Schultz, who led Starbucks from a small Seattle roastery to a global brand with over 40,000 stores and nearly 500,000 partners, emphasized the need to reclaim Starbucks soul. “We’re not a company that needs AI to do what we do. It’s an enabler. What we need to do, is just be ourselves — be the people that we’ve been,” he said.
But if you restore all the wall hangings, chairs, and tables, you're back to the problem of freeloaders and druggies shooting up in the restrooms. I see more Philadelphia incidents in Starbucks's future, still with no good way to deal with them.While the COVID lockdowns placed restrictions on public space that had unanticipated business consequences, Trump's crackdown on illegal migrants is having a similar impact:
The Los Angeles County Board of Supervisors declared a local state of emergency Tuesday in response to ongoing federal immigration enforcement raids, alleging the actions are preventing people from going to work and forcing some businesses to close.
. . . The proclamation approved by the board states that the raids that began around June 6 "have caused residents to be fearful of leaving their homes, to go to work, take public transportation, access county services including medical services, access open public programs and resources and attend appointments with immigration lawyers and legal service providers."

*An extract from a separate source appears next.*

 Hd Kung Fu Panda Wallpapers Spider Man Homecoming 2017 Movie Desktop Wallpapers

The immigration actions "have created a climate of fear, leading to widespread disruption in daily life and adverse impacts to our regional economy due to decreased attendance at workplaces, the temporary or permanent closure of businesses and restaurants and increased strain on our local institutions such as schools, hospitals and places of worship," according to the proclamation.

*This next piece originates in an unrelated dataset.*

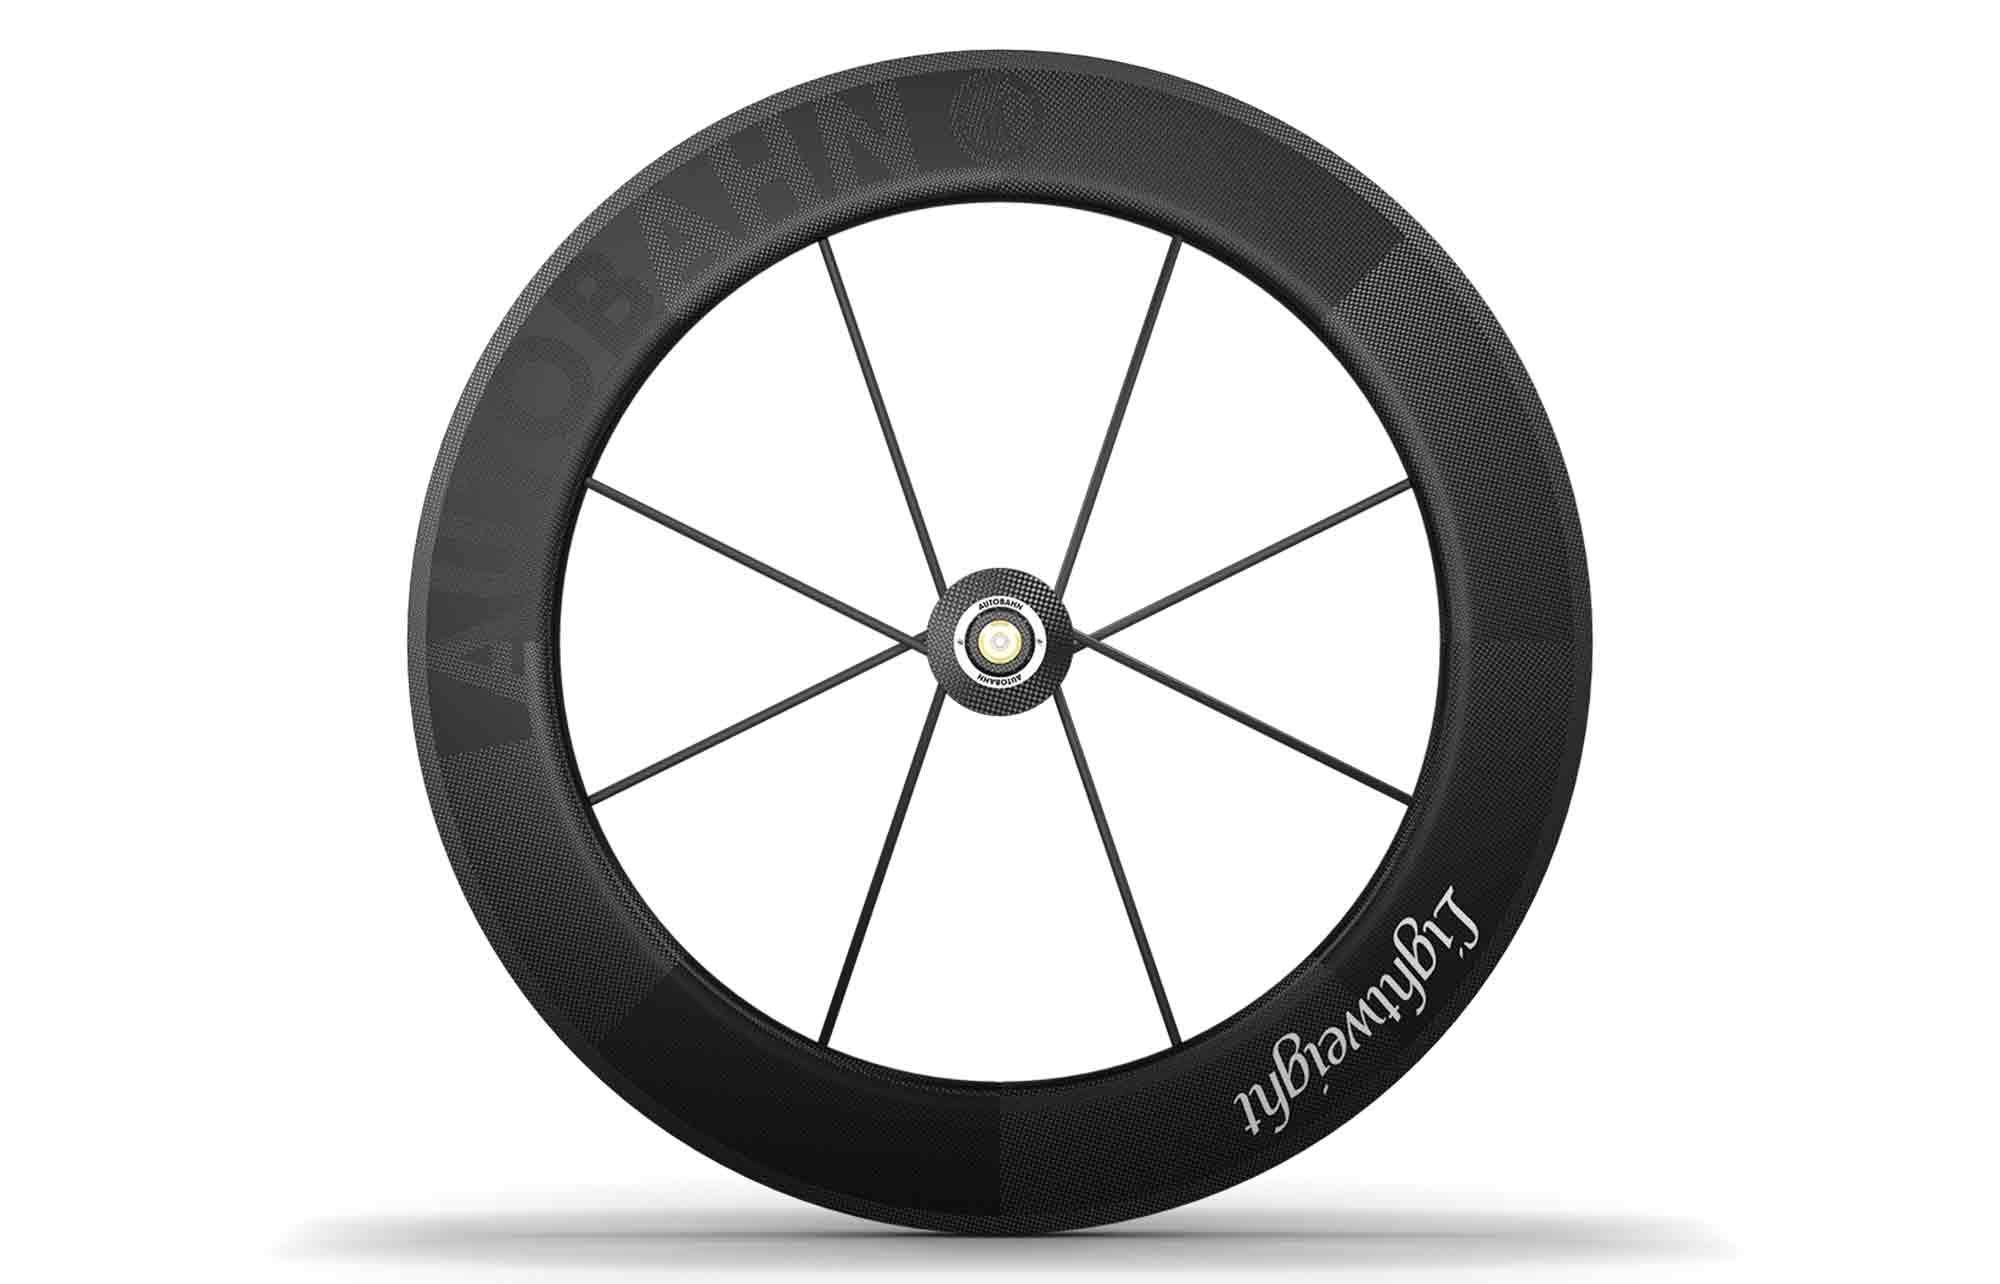 2018 Lightweight Autobahn Tubular Front Wheel  RA Cycles

Put only a little differently, the ICE raids are having a massive impact on the use of public space. This also reflects the real size of the illegal immigration problem in the area; if illegals have a realistic fear of apprehension if they go out in public, this seems to have a major impact on the economy.But these are just small pieces of the overall battle over public space. If the civil authorities abdicate their responsibility to control it, or if private enterprise refuses to manage quasi-public space or "third places", then other forces will inevitably claim control, or other factors like a pandemic or immigration crackdowns will intervene and force solutions. Nevertheless, the other factors will only force temporary or unsatisfactory solutions if authorities can't regulate public space themselves.